Well, I said I would conclude but I thought of one more thing I wanted to mention. There is an author Marie Kondo who wrote a book called “The Life-Changing Magic of Tidying Up.” She had a TV show for a while as well. Her idea was to take each type of item in your house, pile them all together, then to decide if this thing sparks joy in their life, and if it doesn’t, donate it, sell it, or throw it away. You start with clothes, then move to books. Once you have done all of these things, you need to take what you have left and organize them in your living space and consider where you put them as that things’ home. Each time you use the can opener, put it in exactly the same place. Doing this will allow you to keep things tidy once and for all. You shouldn’t ever need to pile all of your stuff up again, though you should routinely monitor possessions that don’t spark joy in your life.

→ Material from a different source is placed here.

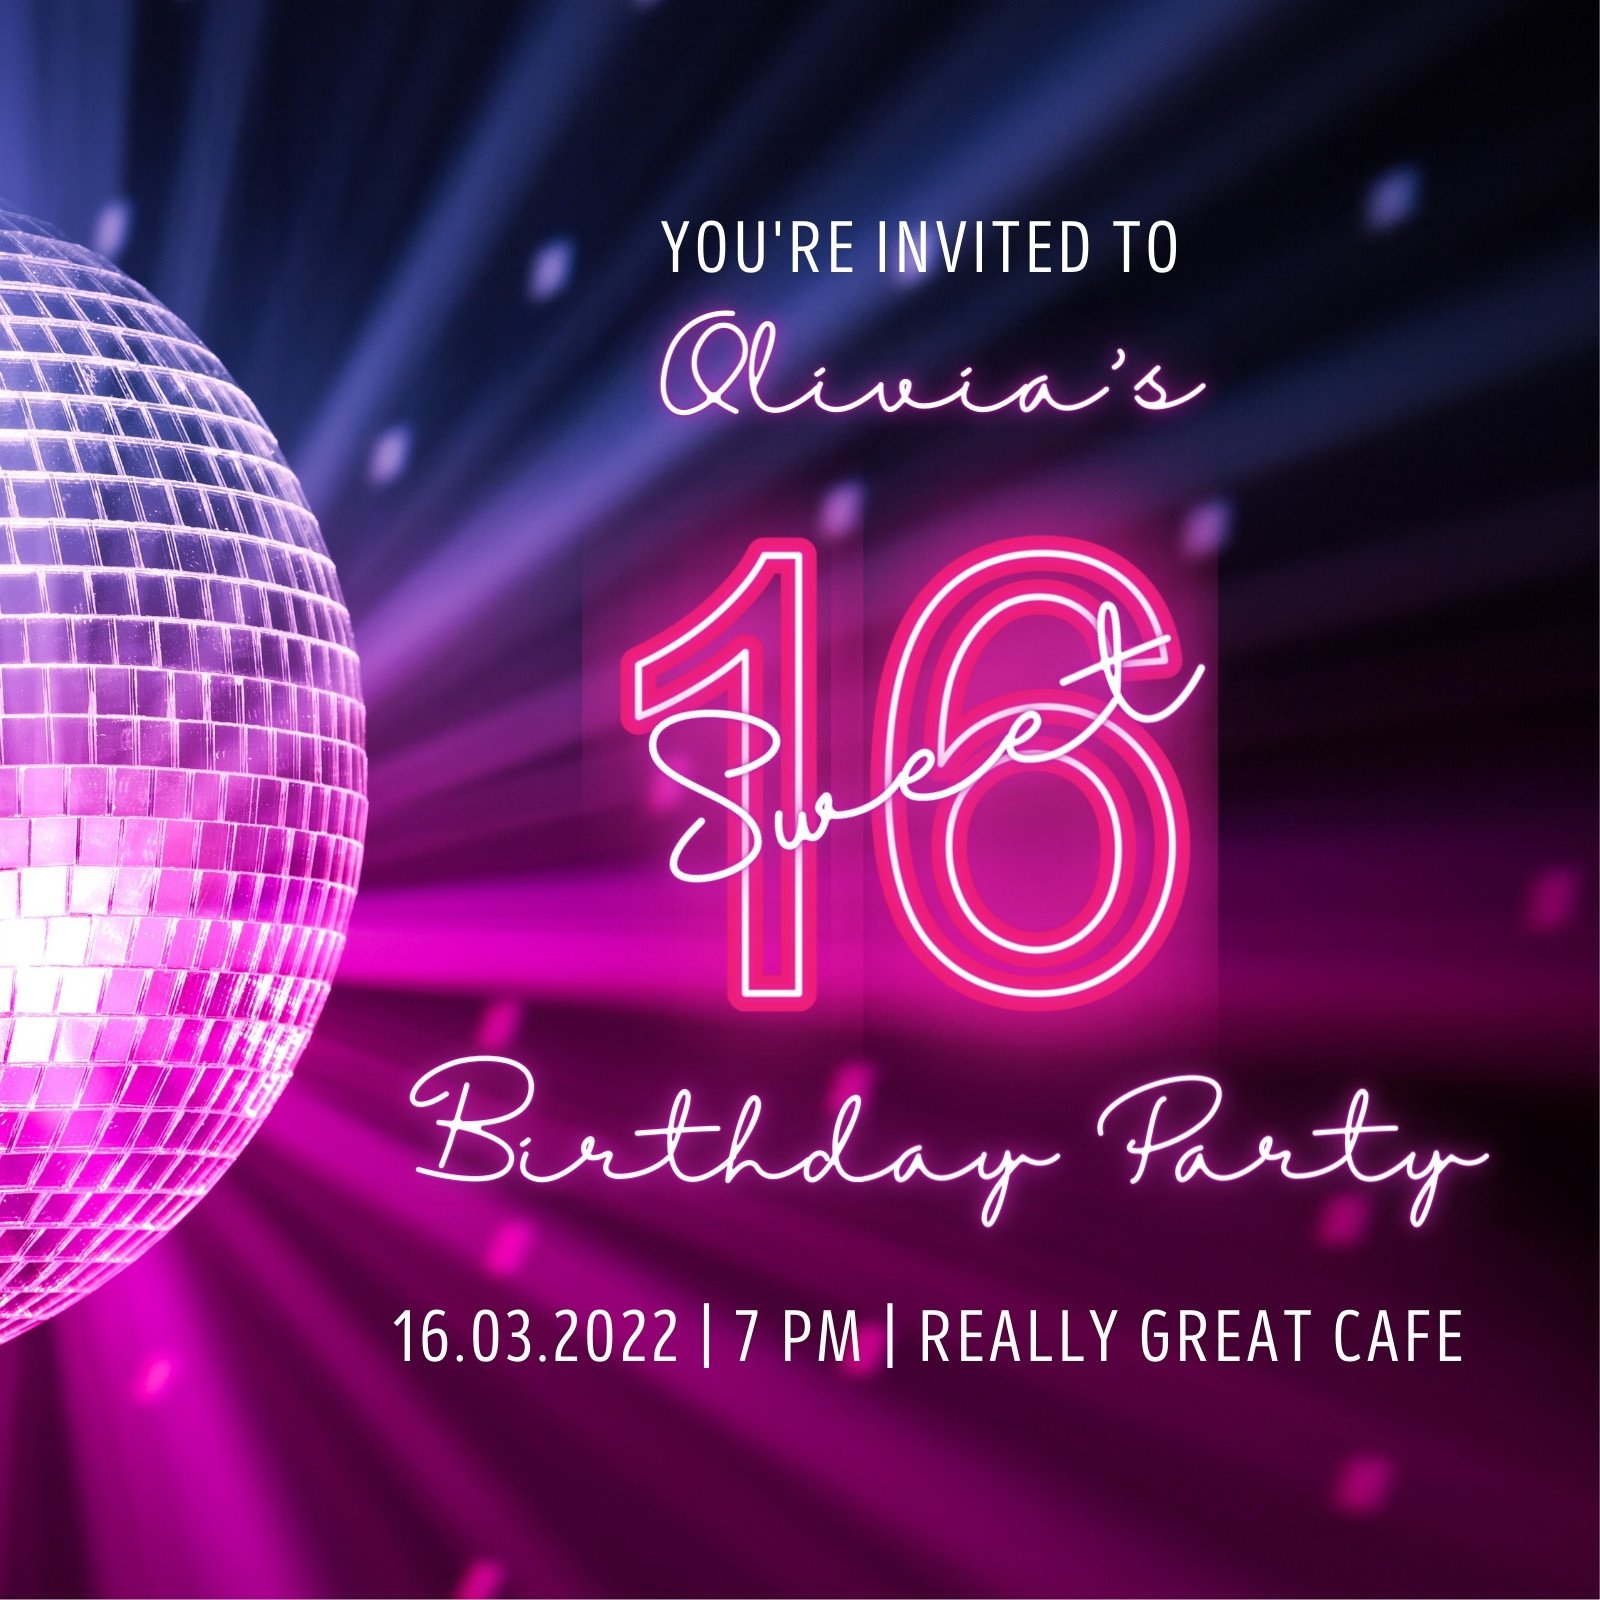 https://marketplace.canva.com/EAE1zIII60Q/1/0/1600w/canva-photocentric-disco-ball-sweet-sixteen-birthday-party-invitation-Ak8pZIrs_Pc.jpg
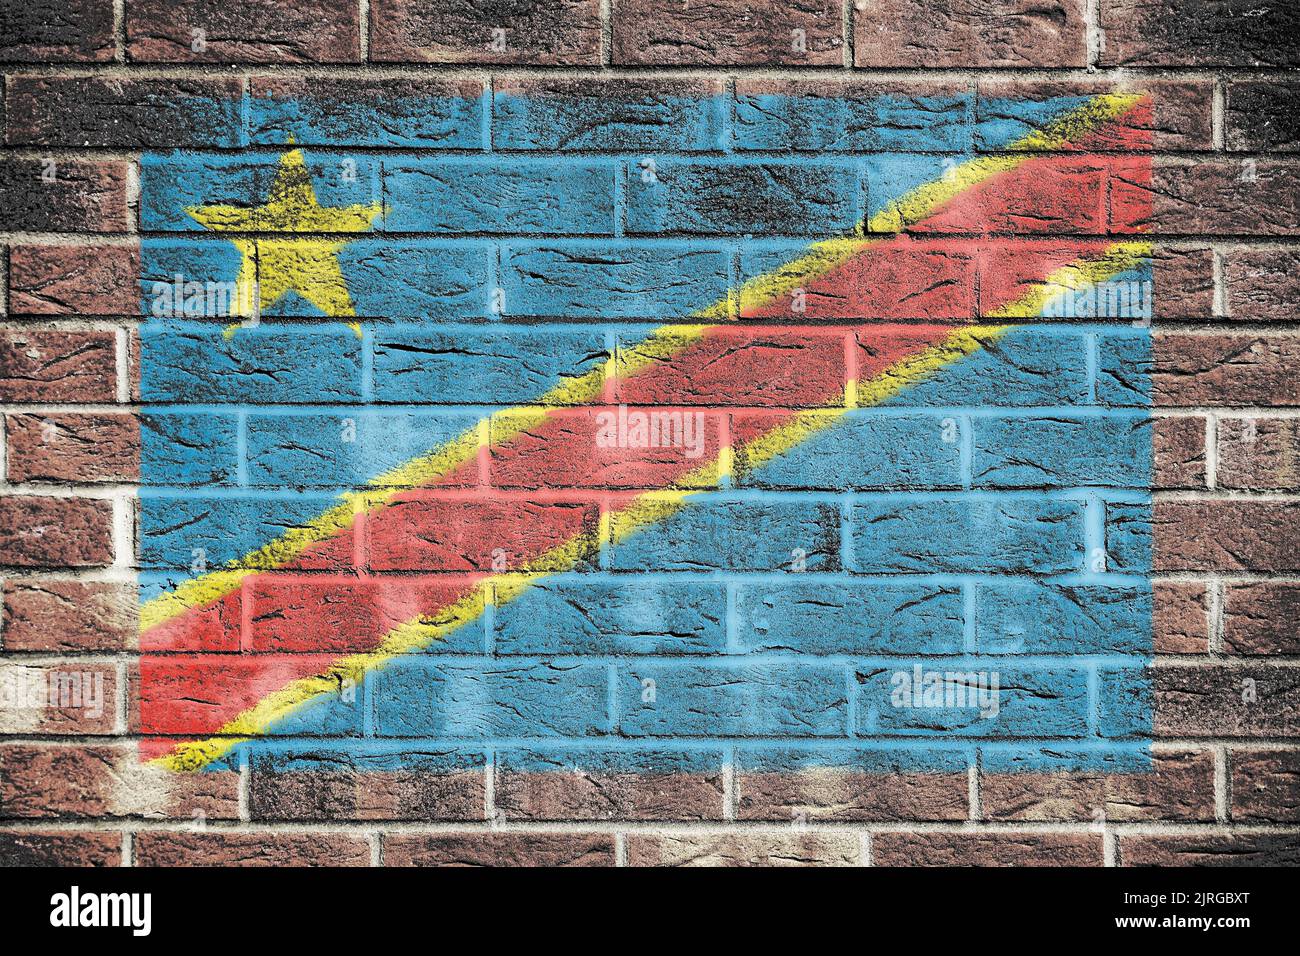 Democratic Republic of Congo flag on a brick wall background Stock Photo

Thank you dear readers, for going down today’s long and difficult path. Remember how important environment, community, exercise, abstinence from substances, cleanliness and proper medication are. I suppose one day I should write a book about all this, but for now I am happy to just think that this post will help even one person. To me that would make it all worthwhile.
Thank you for so generously sharing everything you have done to tackle your illness and get better. I’ve had two major episodes of psychosis in my life. The first was caused by extremely stressful life events, but the second was caused by a head injury. I follow Mat Poehler, who writes Mat’s Blog on Schizoaffective Disorder, if you haven’t come across it yet. Other blogs you may be interested in include The Manic Messiah, Schizophrenic like Me, Practicing Mental Illness and Navigating Schizophrenia.